In dealing with the theory of correlation and regression it is often convenient to express quantities in each set of values as deviations above or below the mean of the set. So, for example, if the x variable denotes measurements of human heights, and the mean height in the population is 68 inches, then a height of 65 inches can be represented by a deviation value of -3, and a height of 70 inches by a deviation value of 2. In reading any text on correlation or regression, it is important to note whether the author uses raw values or deviation values in his formulae. I will often use deviation values, as this results in simpler algebraic expressions.

Notation

This version of the notes uses only non-mathematical typography. Large S will represent the sum of a set of quantities. Small s will represent the standard deviation of a set of quantities. V will represent the variance (the square of the standard deviation). ^2 will represent the square of a quantity. # will represent the square root of a quantity. Subscripts will be represented by a low-level dash, e.g. x_1 would represent x with the subscript 1. The sum of each x value multiplied by the corresponding y value will be denoted by Sxy. The sum of each x value plus the corresponding y value will be denoted by S(x + y). The mean of the raw x values (their sum divided by N) will be denoted by M_x, and the mean of the raw y values by M_y. The deviation values of x and y are then (x - M_x) and (y - M_y) respectively. The following points follow from these definitions and the standard rules of algebra:

(a) S(x + y) = Sx + Sy

(b) Sxy is not in general the same as SxSy (the sum of all x values multiplied by the sum of all y values).
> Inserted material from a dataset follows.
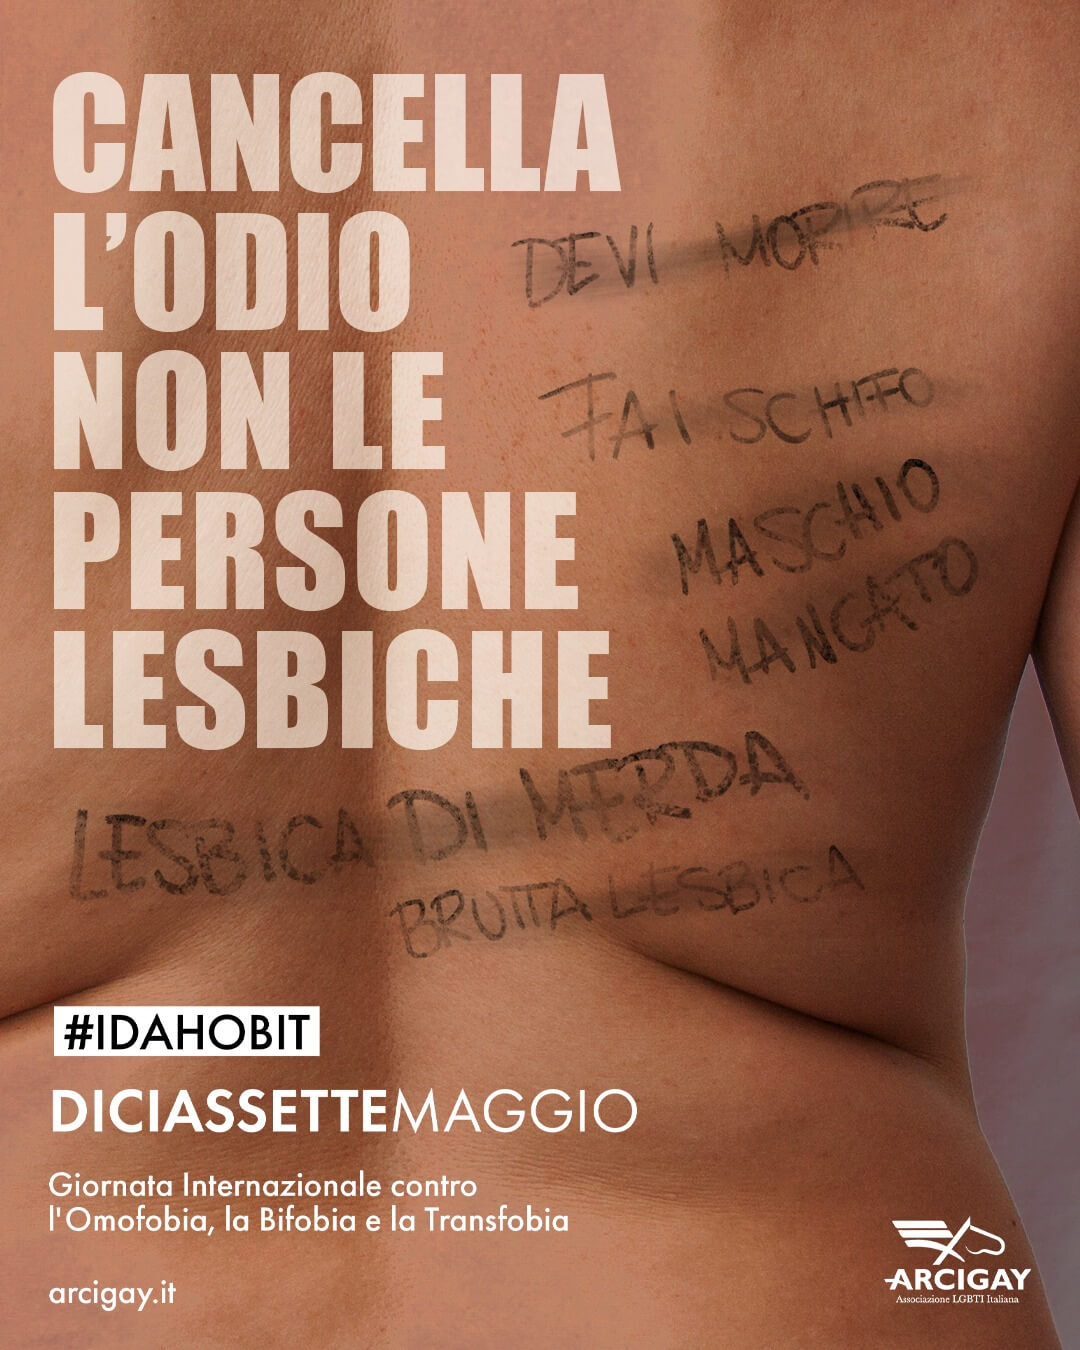 Omobitransfobia, la nuova campagna Arcigay: "Cancella l'odio, non le persone LGBTQIA+" - arcigay omofobia 5 - Gay.it

(c) Sx^2 (the sum of the x values individually squared) is not in general the same as (Sx)^2 (the square of the sum of the x values).

(d) Where 'a' is a constant, S(xa) = aSx.
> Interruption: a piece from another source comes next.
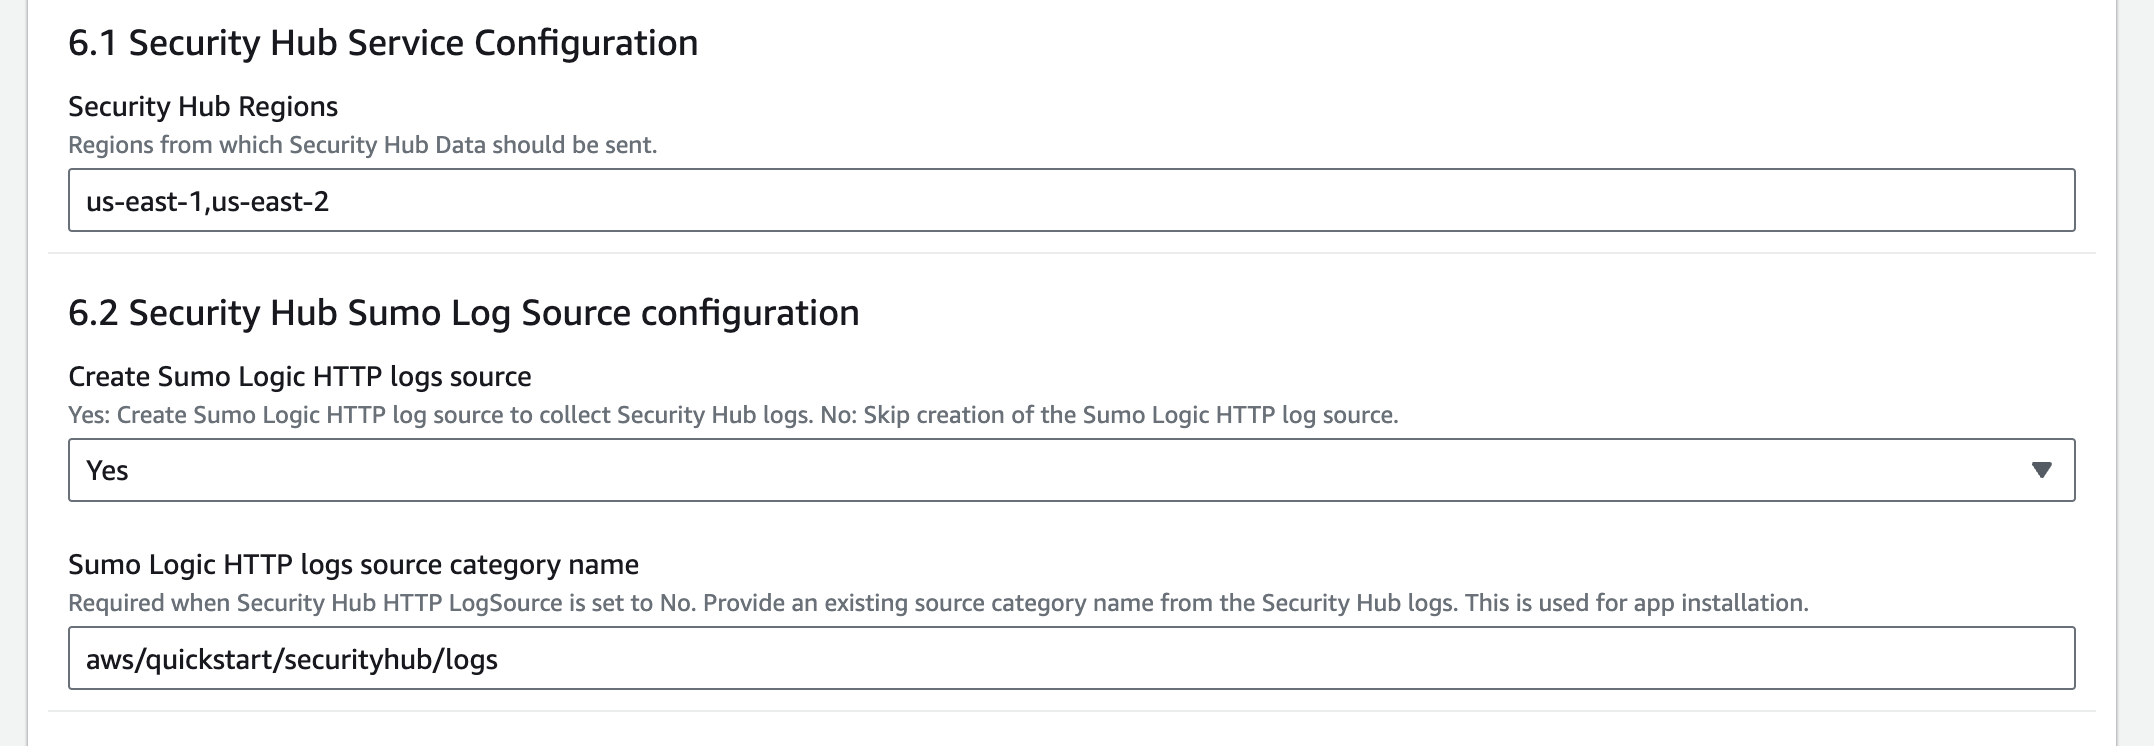 Security Hub configuration

(e) S(x + a) = Sx + Na (since the constant enters into the sum N times, once for each value of x.)

(f) S[(x + a)(y + b)] = Sxy + bSx + aSy + Nab. Here the scope of the summation sign is the entire expression in square brackets. The intended interpretation is that each term (x + a) is to be multiplied by the corresponding (y + b), where a and b are constants. Note that the resulting sum includes the product ab N times, once for each pair of x and y values.

(g) S(x + a)^2 = Sx^2 + 2aSx + Na^2

(h) M_x = Sx/N, and M_y = Sy/N, where x and y represent raw values.

(i) It follows from (h) that the deviation values of x can be expressed in the form (x - Sx/N). The sum of the deviations is therefore S(x - Sx/N). But by point (e) this sum is equivalent to Sx - NSx/N = 0. Likewise for y. Therefore if we use x and y to represent deviation values, instead of raw values, then Sx = Sy = 0.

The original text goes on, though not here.